The resource profile vastly simplifies the task of forecasting the business benefit of a proposed performance improvement activity. I remember painfully the days before Method R, when the only ways we had to forecast business benefits were to extrapolate well beyond our mathematical rights to do so. For example, I can remember when professional analysts used to forecast results like this:

“I have reduced the number of extents in your sales order table from 3,482 to just 8. It is expected that this improvement will increase across-the-board Order Entry performance by 30 percent.”
“Increasing the buffer hit ratio from 95 to 99 percent can yield performance gains of over 400 percent.”

I have books that say stuff like this. Did you ever wonder where a number like “30” or “400” comes from in statements like these? Unless such a number comes from a properly scoped resource profile, then you can virtually be assured that it came from a place where unsubstantiated estimates hide when they’re not being drafted into service by a consultant whose earnings capacity relies upon an ability to inspire customer hope.

Tip

I always derive a kind of sinister enjoyment when I see benefit statements written with phrases like, “It is expected that....” The use of passive voice in situations like this is a grammatical tool that authors use when they want to make it possible later to disassociate themselves from their own guesses.

I hope this book will help you both make better performance improvement decisions and insist upon better decisions from the professionals who are supposed to be helping you.

Monetizing the benefits

There are two steps in forecasting the benefits of a proposed performance improvement action:

Estimate the amount of response time you can eliminate from a targeted user action. Part III describes how to do this.

Estimate the cash value to the business of that response time improvement. Arithmetically, this calculation is straightforward. It is the product of the following three quantities:

The number of seconds you can remove from a user action

multiplied by

The number of times the user action will be executed over the period during which the business benefits are being forecast

multiplied by

The cash value of one second of response time to the business

Step 1 is simple in practice. As you’ll learn in Part III, a resource profile generated on a production system provides all the before timing statistics you need, and a resource profile generated on a test system helps you forecast your after timing statistics. Step 2 is usually simple as well, until it comes time to estimate the cash value of one second of response time to the business. Many businesses simply don’t know this number. Some businesses do. For example, your company may already know information like the following:

Improving the speed of the return materials authorization process from 5 days to 2 hours will be necessary to prevent losing our largest retail customer. An annual sales impact of over $100,000,000 hangs in the balance.
Reducing the time it takes to invoice our customers from 4 days to 1 day will reduce our working capital requirement by
325.000.
Improving the performance of the form through which our users pay invoices will improve accounting staff morale, reduce staff turnover, and reduce overtime wages, resulting in annual cost savings of over £60.000.
Increasing the number of orders processed on the system from the current state of 40 orders in a peak hour to 100 orders per hour will increase annual sales revenue by over ¥100,000,000.
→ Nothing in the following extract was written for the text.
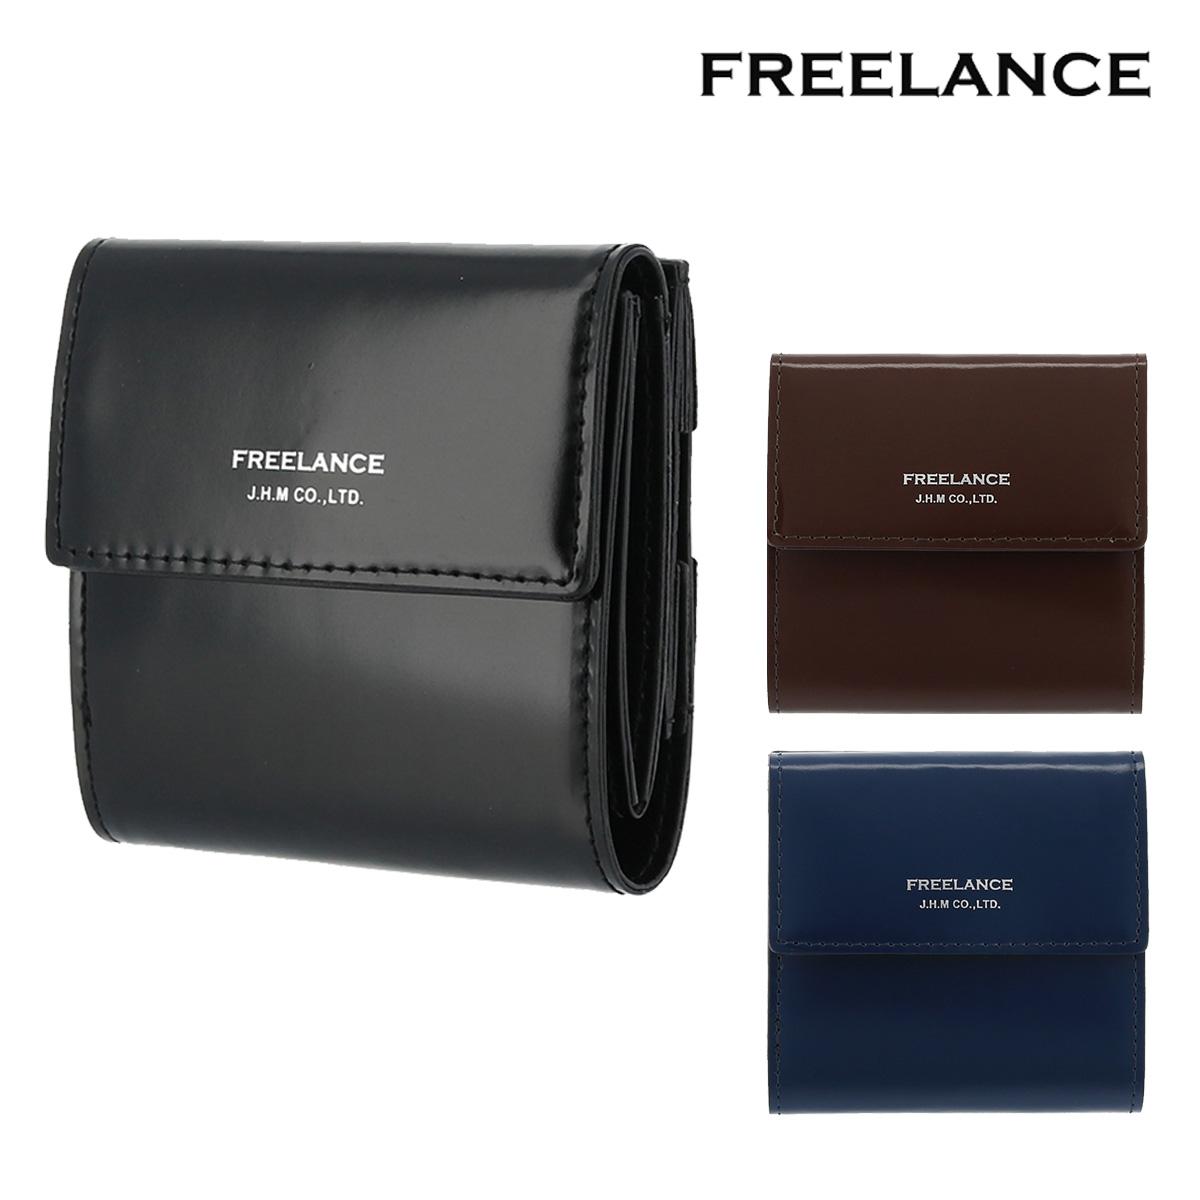 フリーランス財布 メンズ 二つ折り FL-098 FREELANCE | ミニ財布 本革 レザー ブランド専用BOX付き[bef][即日発送]
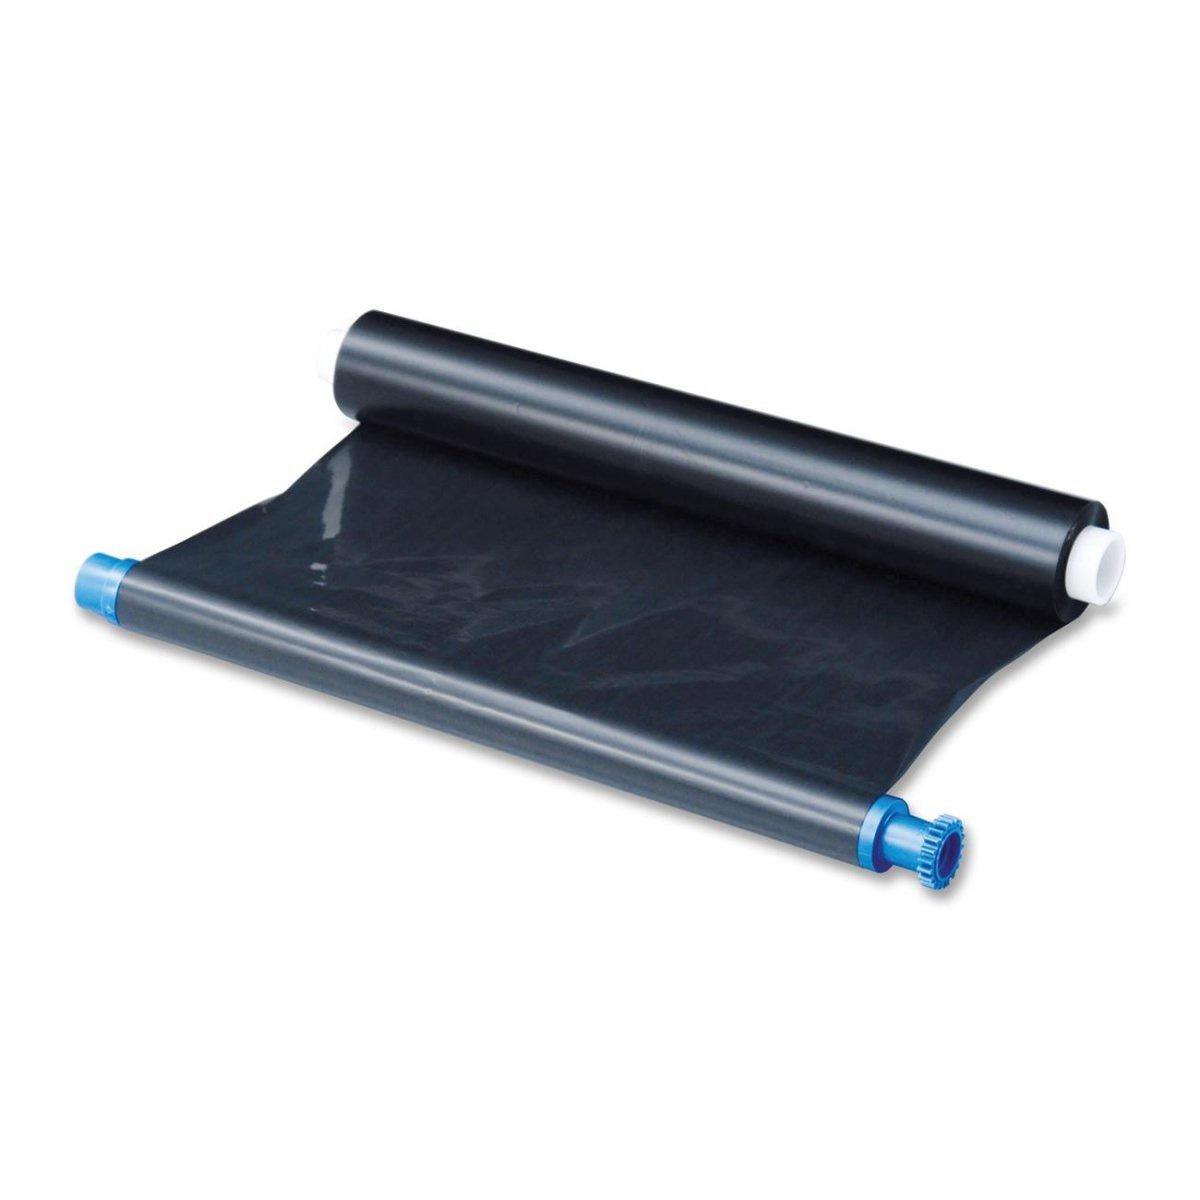 Термопленка Panasonic pl28 аксессуар panasonic термопленка для kx fp141 143 145 148 kx fa54a x e 7

For businesses that don’t have such concrete “dollar"-per-second value specifications, it is usually good enough to express project value in terms of un-monetized response time savings over some reasonable period. A resulting net payoff statement might look like this:

I expect Project A to be complete within two weeks at a cost of $10,000. I expect as a result, we will reduce end-user response times by over 128 hours per week.

With the “dollar"-per-second value specification in hand, though, the net payoff statement makes decision-making a little easier:

I expect Project A to be complete within two weeks at a cost of $10,000. I expect as a result, we will reduce end-user response times by over 128 hours per week, which will save the company over $70,000 in labor expenses per year.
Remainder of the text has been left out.